WHAT YOU WILL DO>
Output the whole listing exactly, except for the pictures in it.

GIVEN MATERIAL>
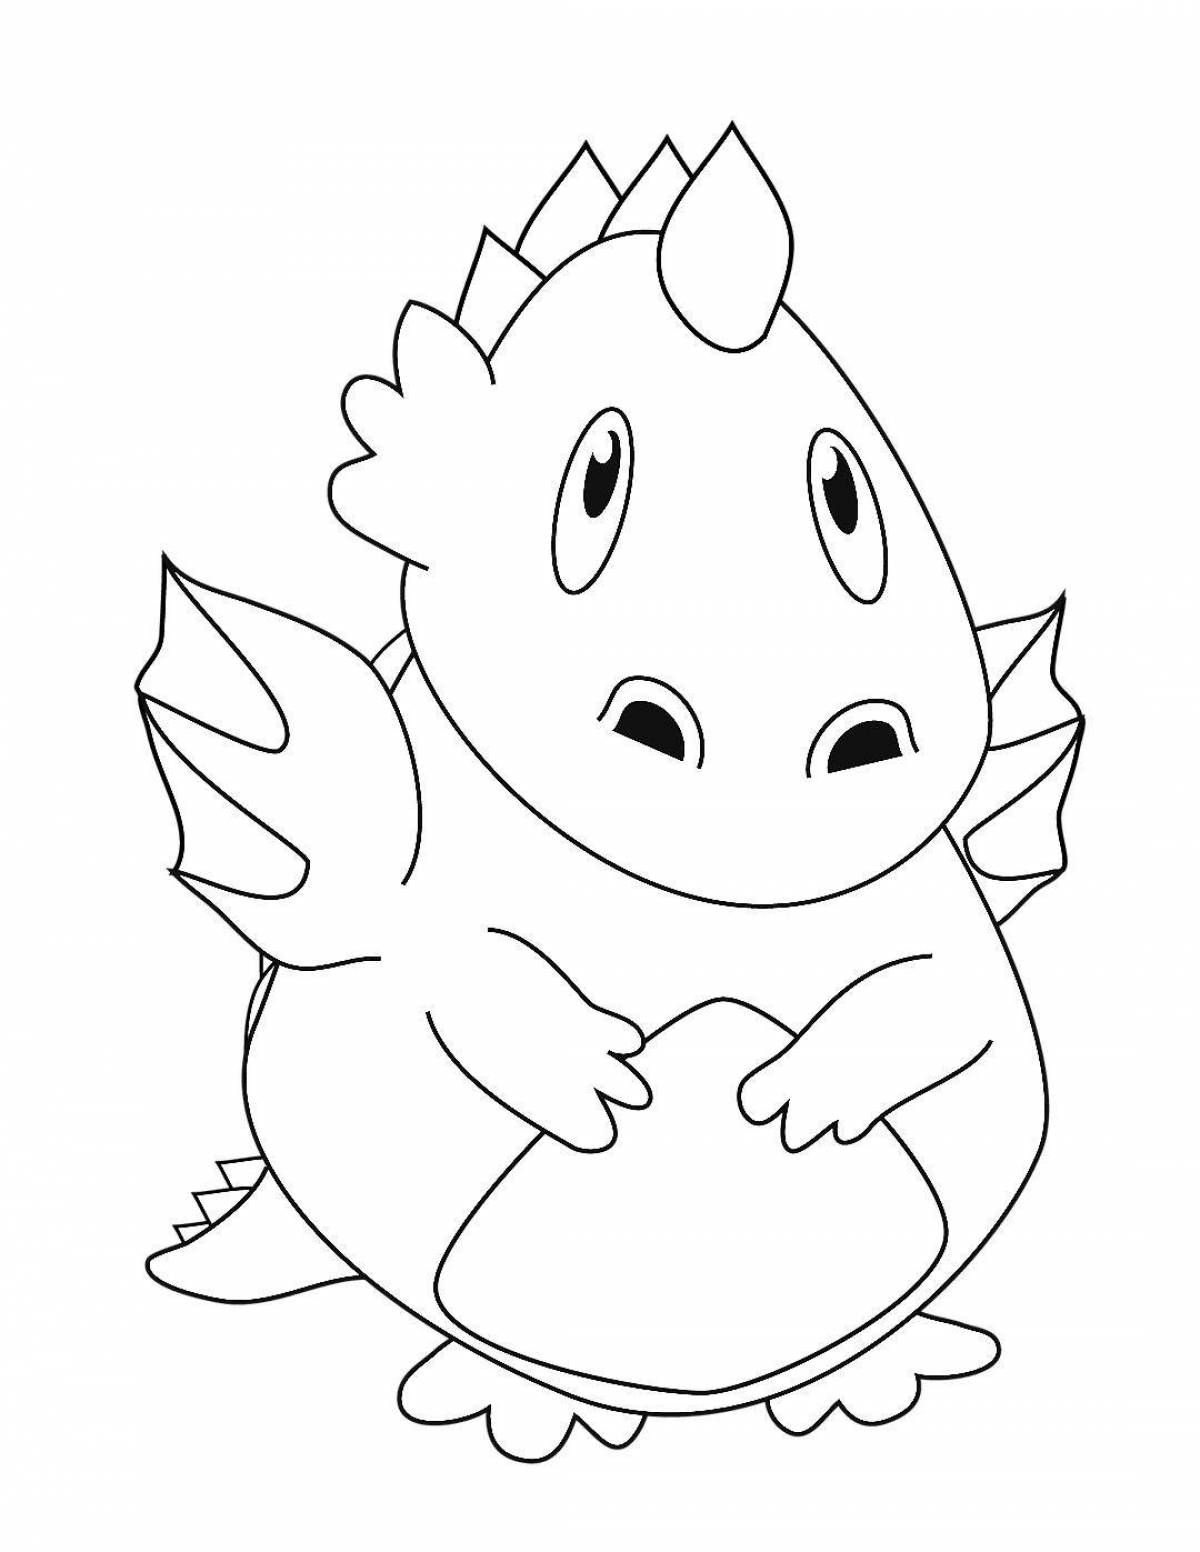 Precious cute dragon coloring book
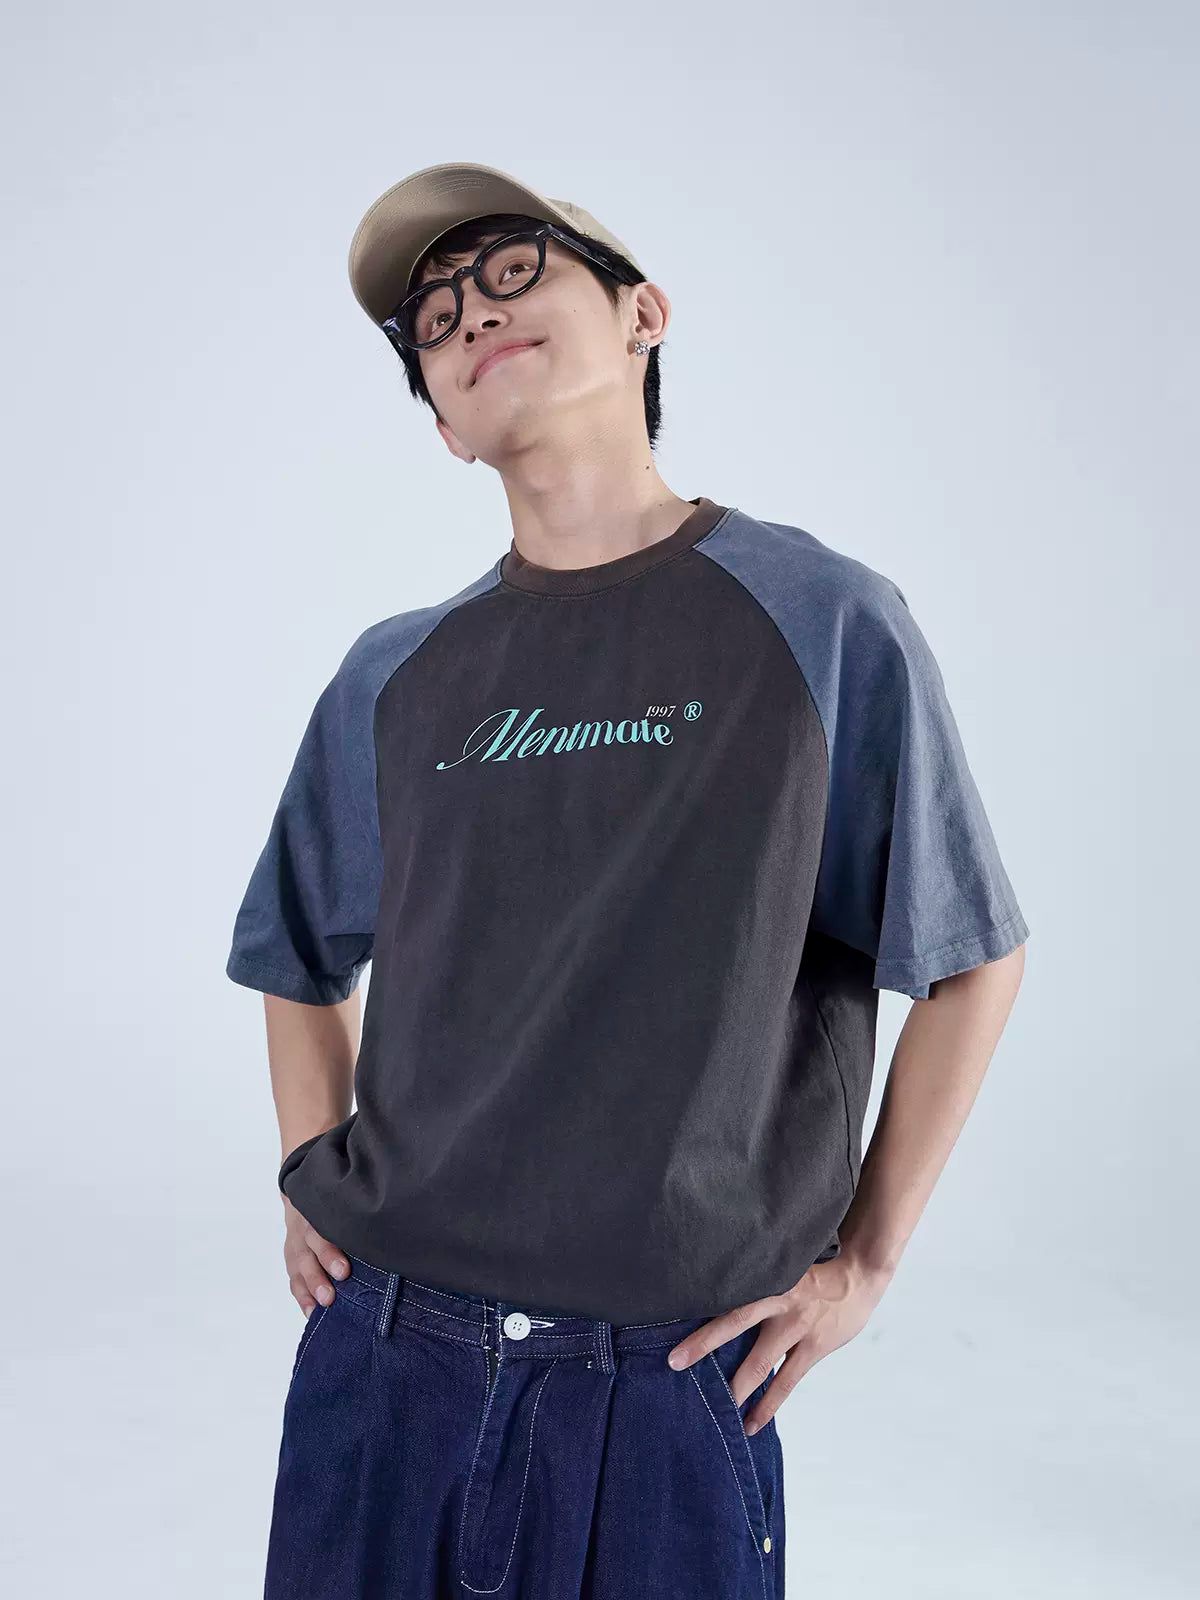 Basic Fit Raglan T-Shirt Korean Street Fashion T-Shirt By Mentmate Shop Online at OH Vault
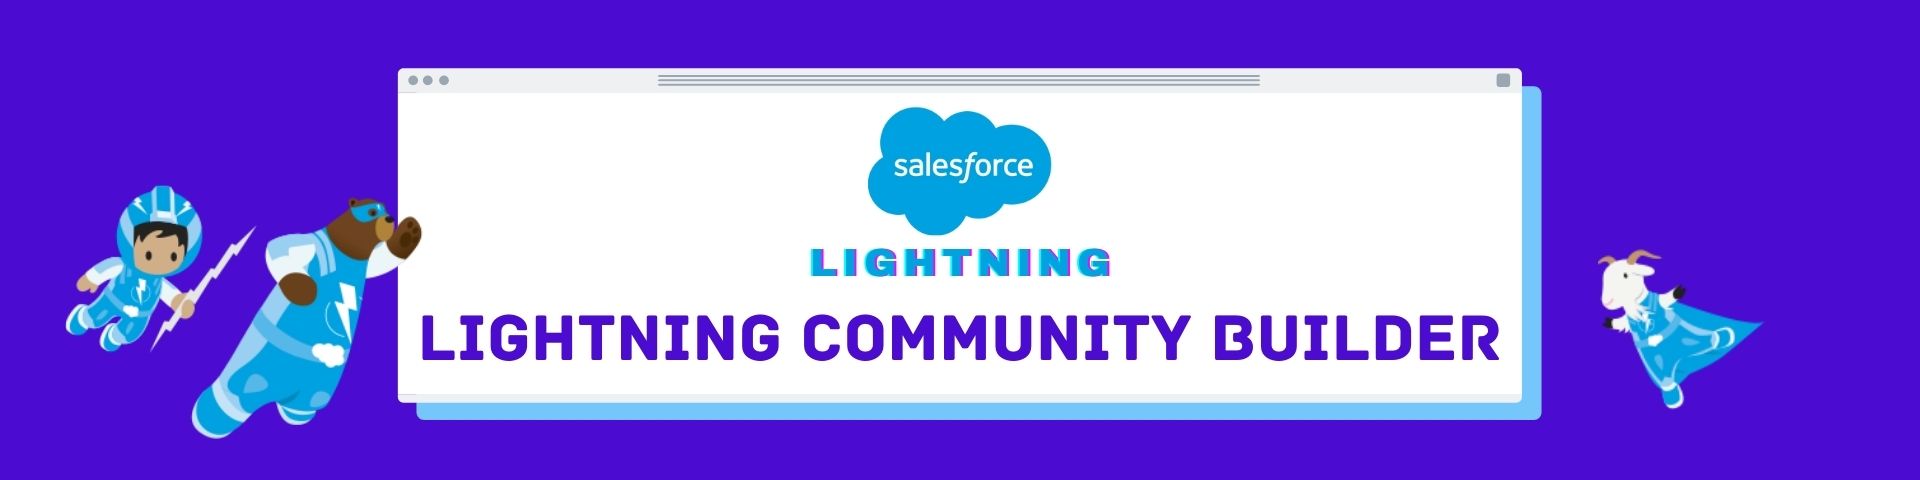 Salesforce Lightning Community builder

RESPONSE FOR THIS EXERCISE>
 Precious cute dragon coloring book
 Basic Fit Raglan T-Shirt Korean Street Fashion T-Shirt By Mentmate Shop Online at OH Vault
 Salesforce Lightning Community builder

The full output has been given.